Il chante en danois et "pour une fois, on envoie une bonne chanson", dit Lisanne Wilken, spécialiste du concours et maître de conférence à l'Université d'Aarhus (ouest), Copenhague bénéficiant aussi selon elle d'un coup de pouce géopolitique inattendu.

"La situation avec le Groenland et Trump a vraiment braqué les projecteurs sur le Danemark d'une façon inédite", alors que le royaume est très rarement favori du concours, qu'il a quand même remporté à trois reprises, la dernière fois en 2013.

France: pop opératique

C'est la plus jeune candidate à représenter la France à l'Eurovision: Monroe, chanteuse lyrique franco-américaine de 17 ans, interprètera "Regarde!". Ce titre sur l'amour, thème de prédilection de la France à l'Eurovision, mêle pop, airs d'opéra et référence aux comédies musicales.

Le grand public a découvert cette cantatrice aux longues tresses dans "Prodiges", télé-crochet diffusé sur la chaîne France 2 et dédié aux jeunes virtuoses classiques. Son premier album est sorti en novembre.

Née aux Etats-Unis, Monroe a été bercée par sa double culture et parmi ses inspirations figurent la diva Cecilia Bartoli, mais aussi Whitney Houston, Johnny Hallyday et Céline Dion.

"Ça me donne envie de travailler ma voix pour pouvoir présenter quelque chose de bien, porter les couleurs de la France et de notre belle culture", a déclaré l'artiste à l'AFP peu après sa sélection.

La France a gagné à cinq reprises, la dernière fois en 1977.

Australie : power ballade

La ballade "Eclipse", qui évoque un alignement amoureux des planètes, est interprétée par une valeur sûre, Delta Goodrem, 41 ans et plus de neuf millions d'albums vendus à son actif.
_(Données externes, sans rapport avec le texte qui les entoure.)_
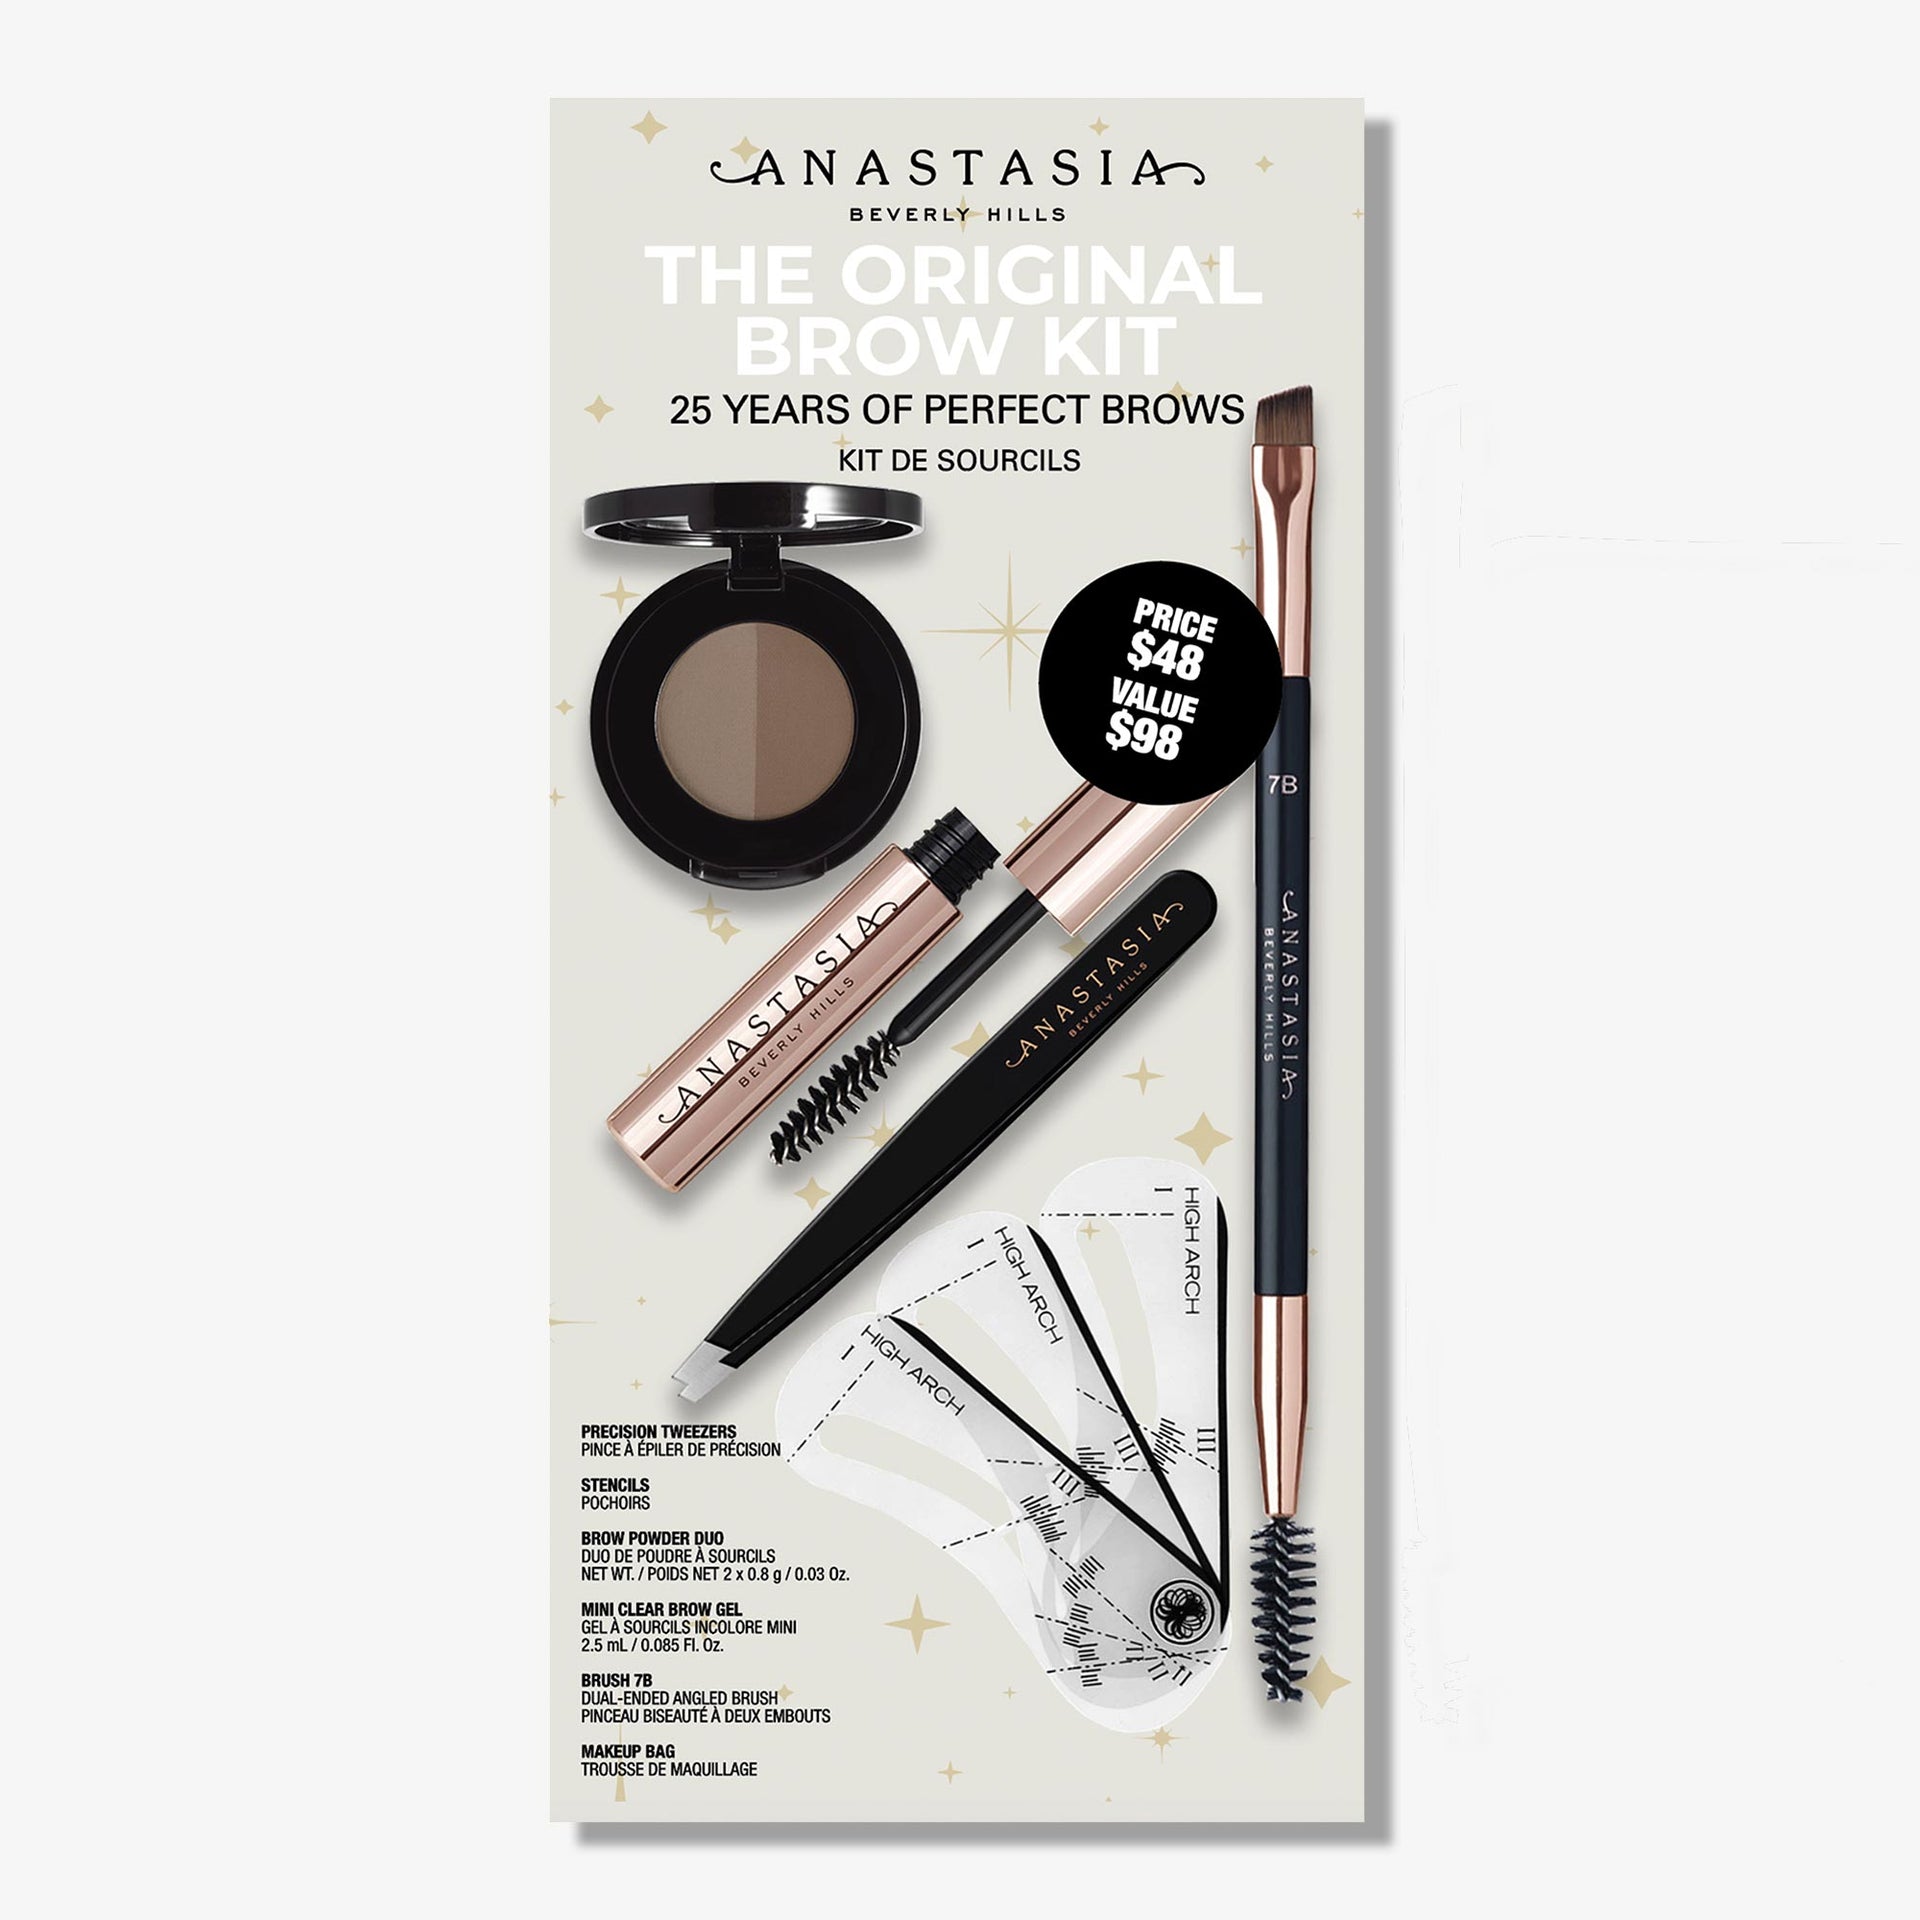 Soft Brown |The Original Brow Kit: 25 Years of Perfect Brows - Soft Brown

Elle mêle l'intimité du piano à d'impressionnants crescendos vocaux, que cette coach dans The Voice Australia, par ailleurs auteure-compositrice, musicienne et actrice, maîtrise à la perfection.

La notoriété sur la scène mondiale de l'artiste née à Sydney et ayant signé son premier contrat dès l'âge de 15 ans fait espérer à l'Australie, où le concours est très suivi, sa toute première victoire.